Donc Médée est une charnière, une pierre angulaire.

Et pour la petite anecdote, on a fixé Médée par l’écrit. Maintenant, si vous l’entendez, vous ne reconnaissez absolument pas Médée. On n’a pas la capacité de le fixer tel qu’on le chante. Simplement, pour prendre des repères, pour s’assurer malgré tout qu’on est dans le respect de certaines modulations, de la tonalité, on a plus ou moins, de façon très simplifiée, on a écrit les grandes lignes de Médée avec les harmonies. Mais si vous le faites jouer par un outil informatique, oui, vous avez les harmonies qui vont revenir, mais vous ne reconnaissez pas, parce que ce qu’on fait sur scène, on le fixe difficilement.
Pour répondre à votre question, comment a-t-on travaillé ?
On a travaillé sur une série de mélodies.
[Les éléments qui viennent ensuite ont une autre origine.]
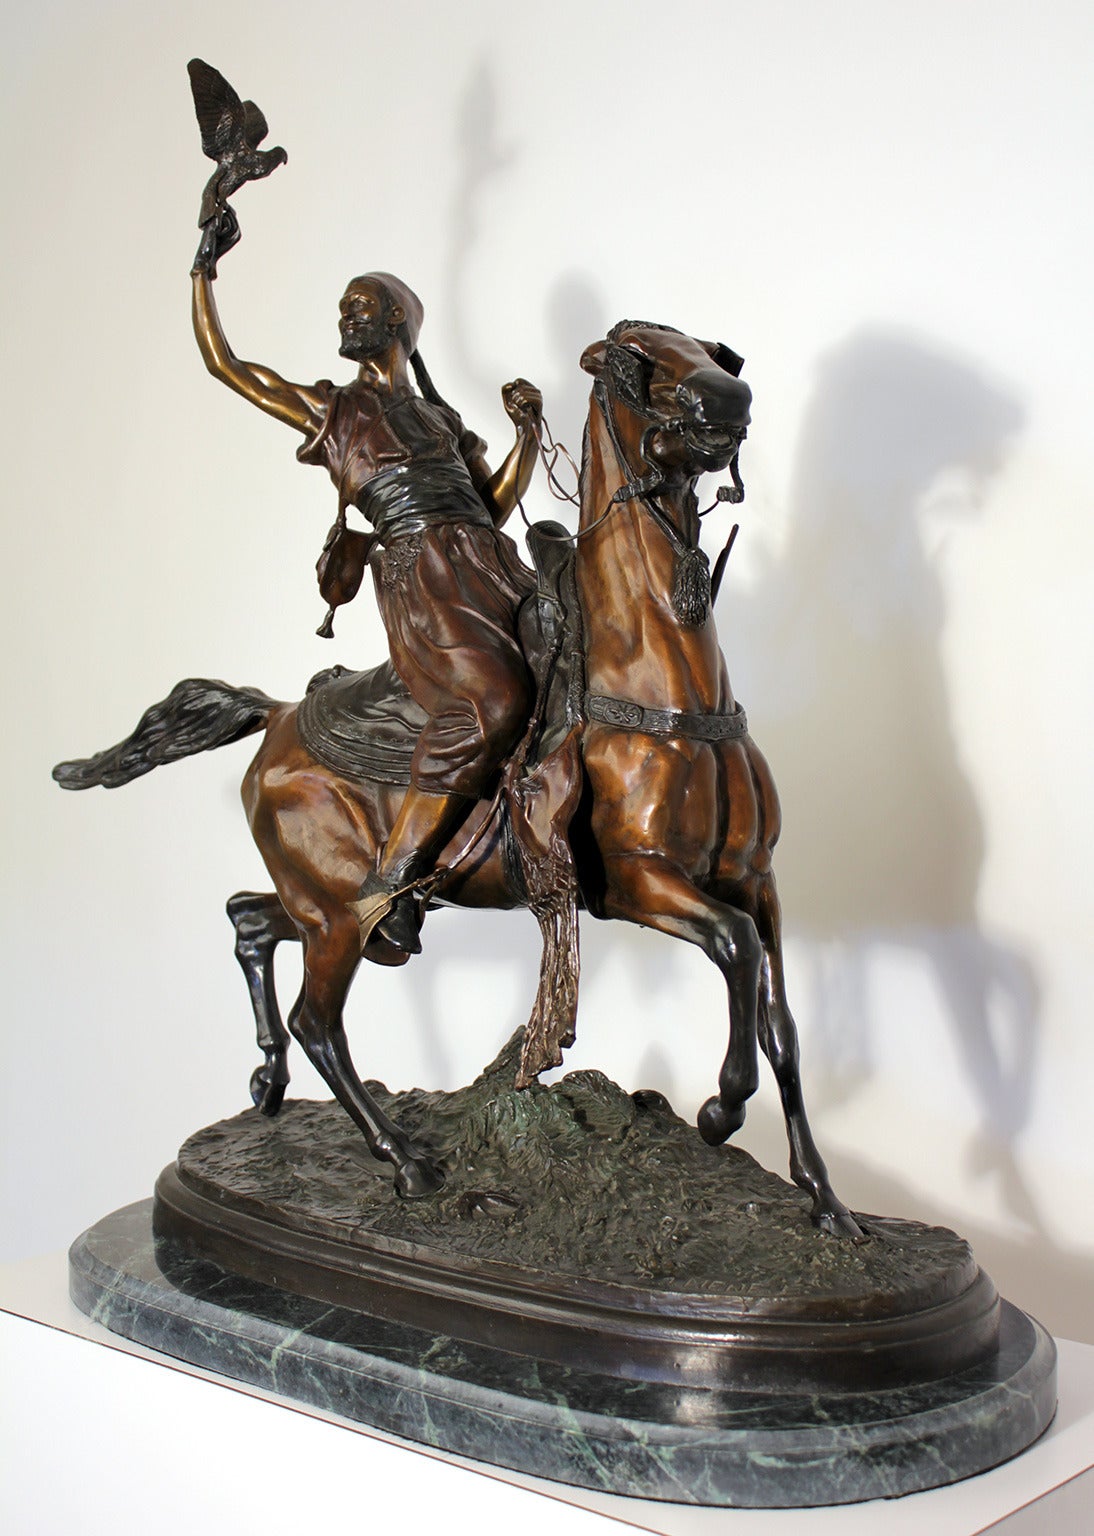 Impressive bronze sculpture by Pierre Jules Mene. Titled 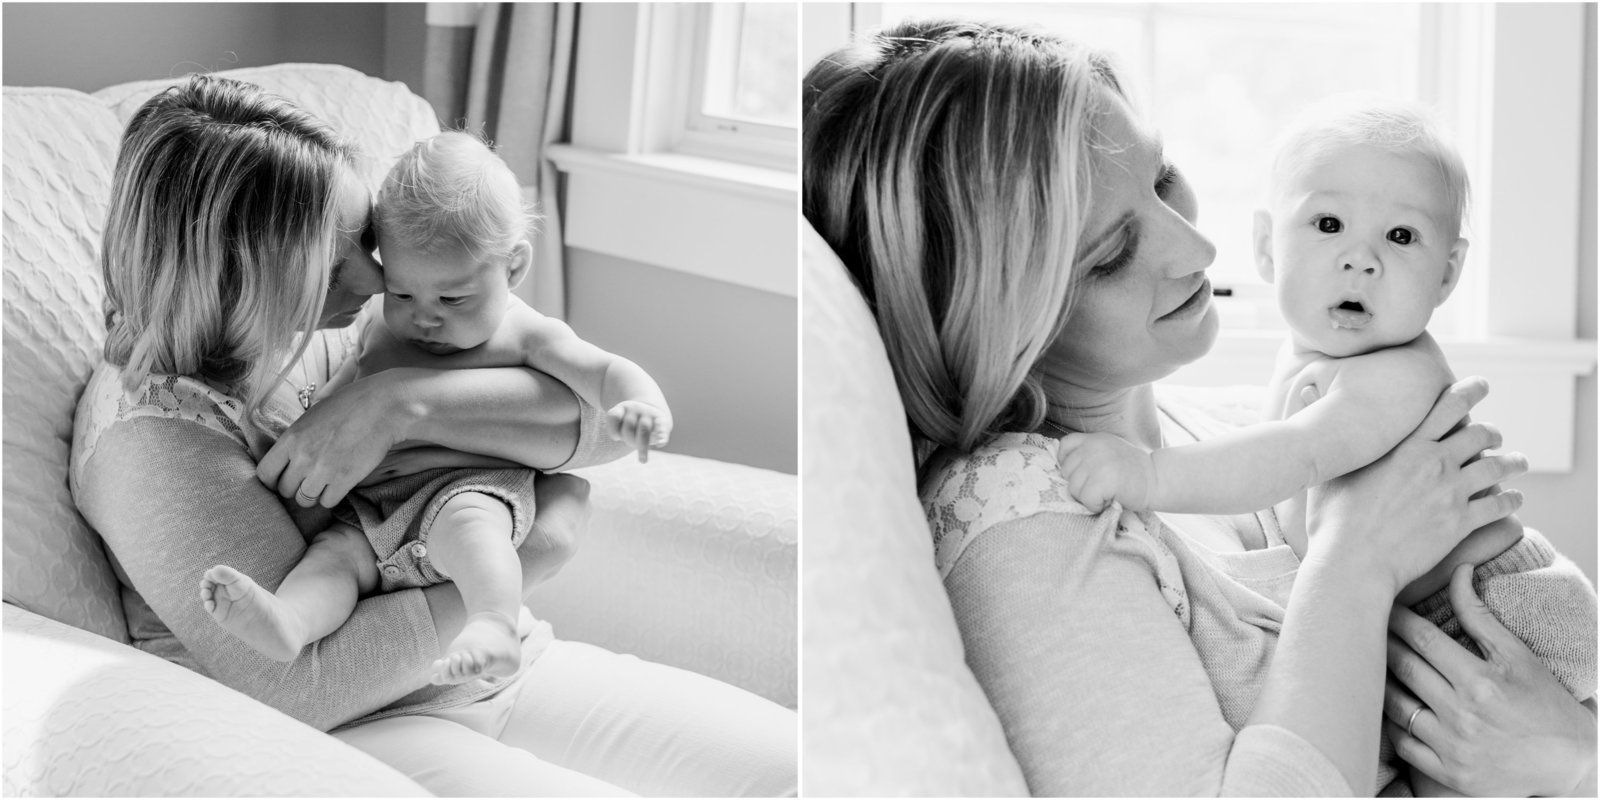 Kelly Morgan - Baby & Child Photographer - Westport CT - 1

D’ailleurs, ce qui a été pour moi le plus passionnant dans ce travail, c’est d’avoir pour les quatre chœurs des climats qui, évidemment, sont fonction de la dramaturgie, de ce que dit le texte et de ce qu’il annonce.
Mais ce qui est intéressant, c’est que le premier chœur est probablement celui qui est resté le plus proche du chant traditionnel ; le deuxième, qui au niveau de l’idée même du texte de Sénèque, est celui qui est à mon avis le texte le plus moderne, c’est justement celui là qui dit « désormais l’ailleurs n’est plus ailleurs », c’est celui qui est le plus en rupture avec tous les autres ; pour le troisième, on revient à quelque chose qui est en partie traditionnel, mais qui par contre, dans certains développements, est beaucoup plus moderne que le second ; et le quatrième, c’est un chœur beaucoup plus ramassé, c’est le seul chœur rythmique, le seul qui est mesuré en quelque sorte, et c’est celui qui voulait donner le sentiment qu’on arrivait à quelque chose qui paradoxalement, alors que ça devient mesuré, est en train de s’affoler, de se déformer, c’est le moment de la fureur de Médée, et c’est là où les voix deviennent sans doute les plus folles.
Et ce qui a vraiment été passionnant, ça a été de travailler sur certains thèmes qui existent dans le premier chœur, qui passent dans le troisième, et qui passent dans le quatrième, des thèmes qui à chaque fois sont harmonisés de façon différente et qui justement se déforment, et arrivent à la fin avec ce qu’on a voulu être le chœur sans doute le plus fou, le plus déstructuré, même si, encore une fois, sur le plan de l’organisation rythmique c’est le seul qui est rythmé, qui est rythmique, qui est mesuré.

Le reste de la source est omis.